Now let's see how to use TF-IDF in practice:

In [None]:
# Using TfidfVectorizer (similar to CountVectorizer)
from sklearn.feature_extraction.text import TfidfVectorizer

# Initialize TF-IDF vectorizer
vectorizer_tfidf = TfidfVectorizer(stop_words='english')

# Fit and transform the corpus
X_tfidf = vectorizer_tfidf.fit_transform(corpus)

# Get feature names
feature_names_tfidf = vectorizer_tfidf.get_feature_names_out()

# Convert to DataFrame for readability
df_tfidf = pd.DataFrame(
    np.round(X_tfidf.toarray(), 3),  # Round to 3 decimal places
    columns=feature_names_tfidf
)

print("TF-IDF Representation:")
print("(Higher values = more distinctive/important words)")
df_tfidf

**What to look for:**

* Look at the column `server`. You will see counts like `1` or `2` for the computing sentences, and `0` for the food sentences.
* The matrix is **sparse** (mostly zeros), which is typical in NLP.

## Key Takeaways

- **Vectorization** is the process of converting text into numerical features that machine learning models can process.

- **Tokenization** defines the smallest units of text processing (atoms) - tokens can be words, sub-words, characters, or bytes depending on the use case.

- **N-grams** are sequences of n tokens:
  - **Unigrams** (1-gram): Single tokens
  - **Bigrams** (2-gram): Pairs of consecutive tokens
  - **Trigrams** (3-gram): Triplets of consecutive tokens
  - N-grams capture word order and context

- **Bag of Words (BoW)** is a simple vectorization approach that counts word occurrences, ignoring word order.

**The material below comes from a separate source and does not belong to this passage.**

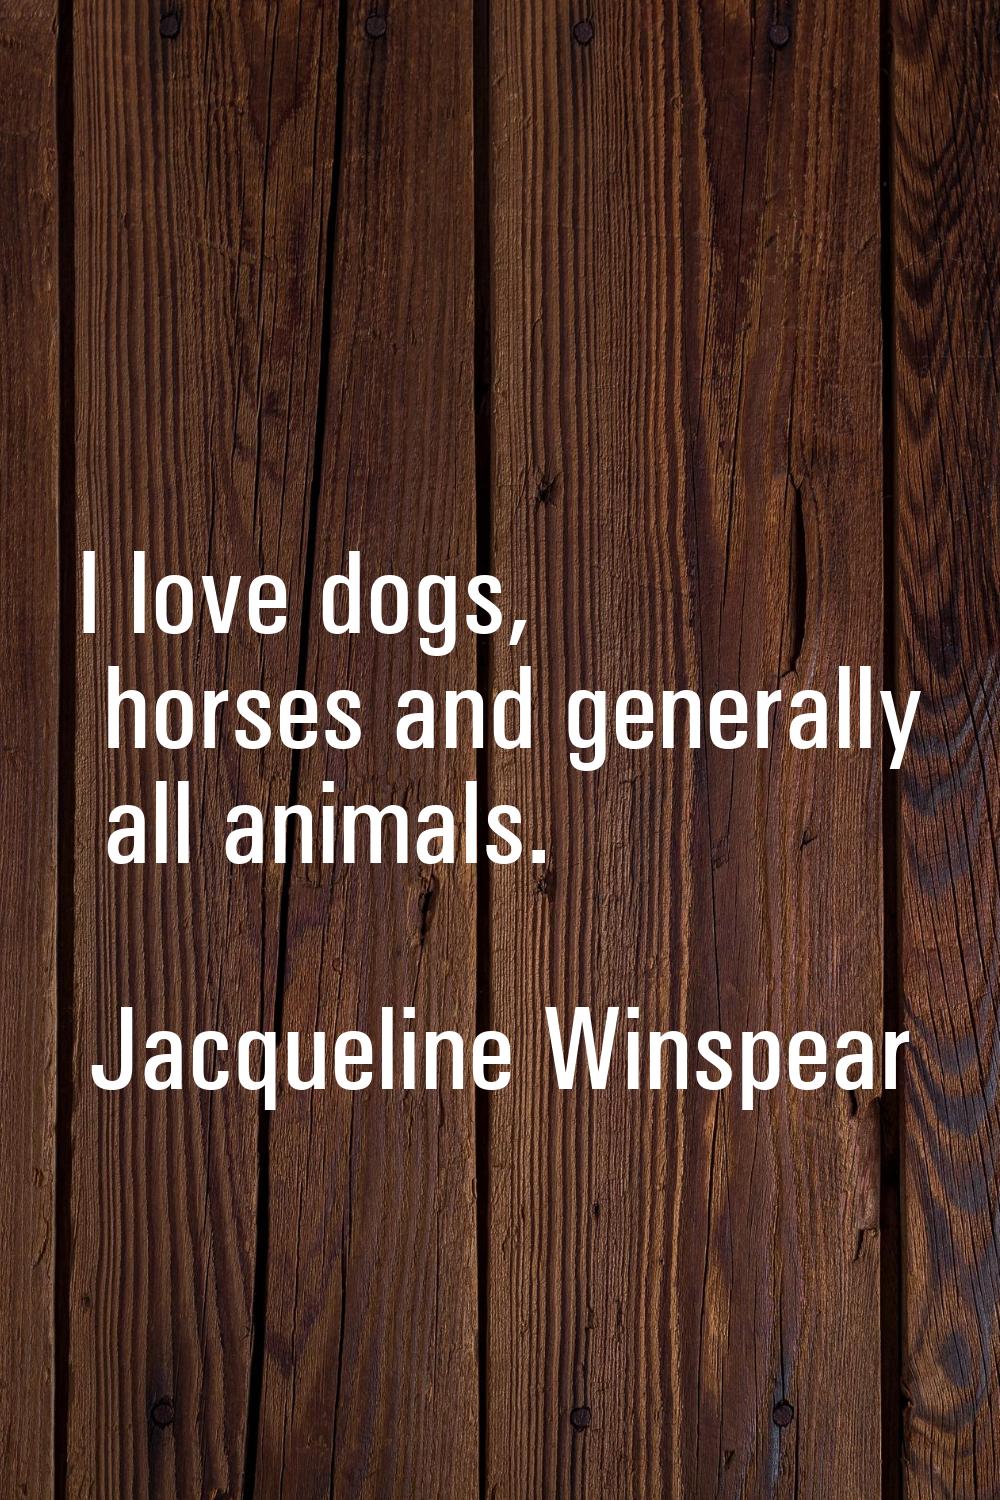 I love dogs, horses and generally all animals.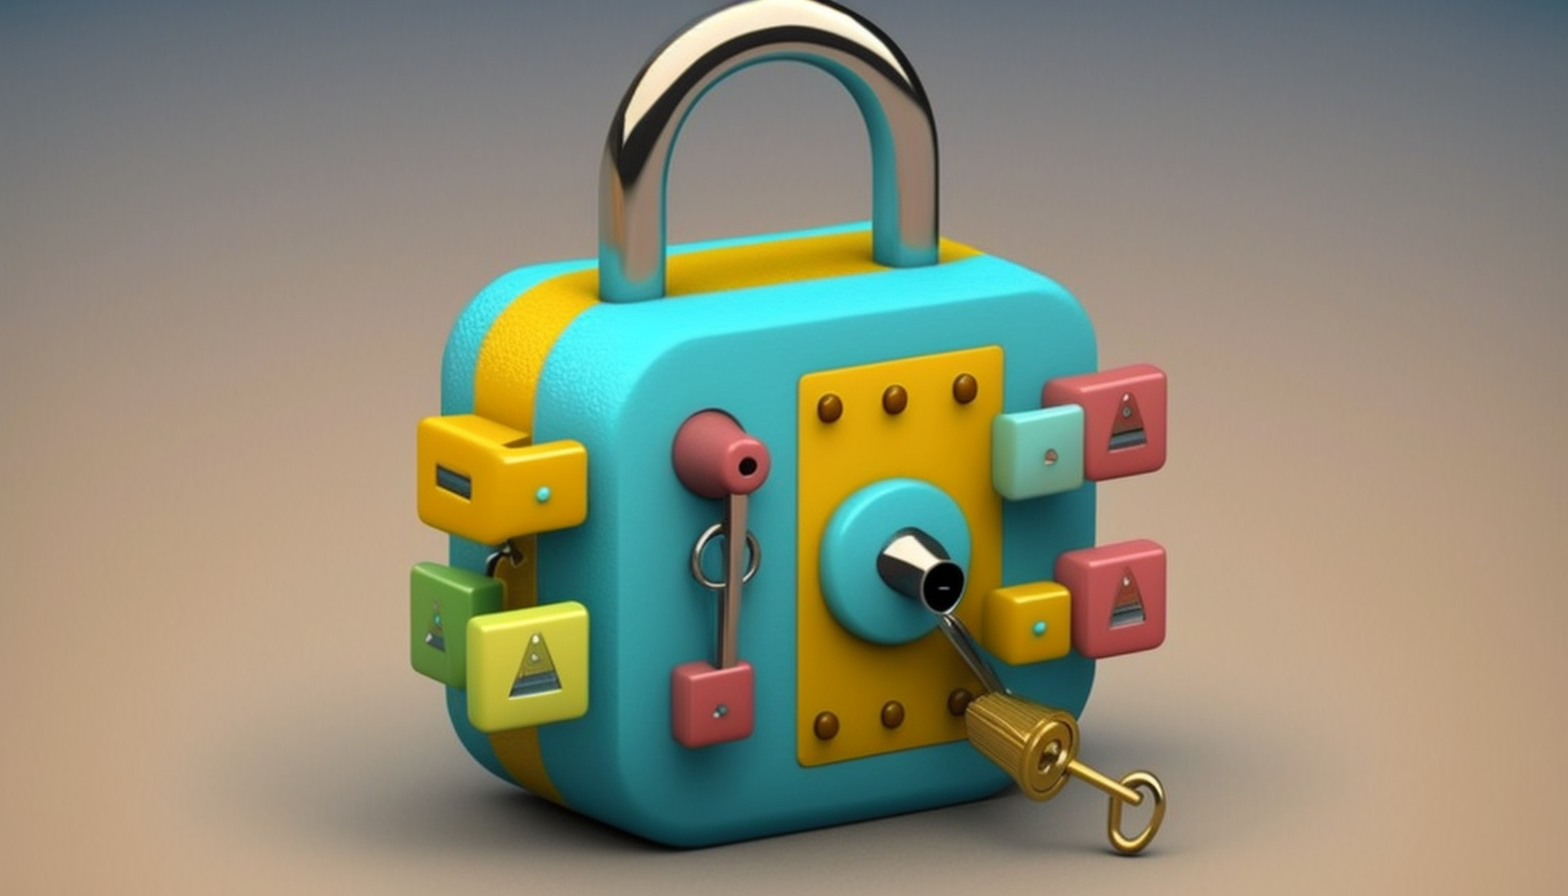 A cartoon padlock holding a set of keys, representing password management and security

- **TF-IDF (Term Frequency-Inverse Document Frequency)** weights words by their importance:
  - **TF**: How frequent a term is in a document
  - **IDF**: How rare/common a term is across the corpus
  - Terms frequent in a document but rare in the corpus get high weights

- **Scikit-learn vectorizers** (`CountVectorizer`, `TfidfVectorizer`) provide efficient, configurable text vectorization with support for:
  - N-gram extraction
  - Stop word removal
  - Vocabulary size limits
  - Custom tokenization

- **Sparse matrices** are essential for text data because:
  - Most documents contain only a small fraction of the vocabulary
  - Sparse representations save memory and computation
  - Most matrix elements are zeros

- Understanding vectorization is fundamental to building effective NLP pipelines and machine learning models for text data.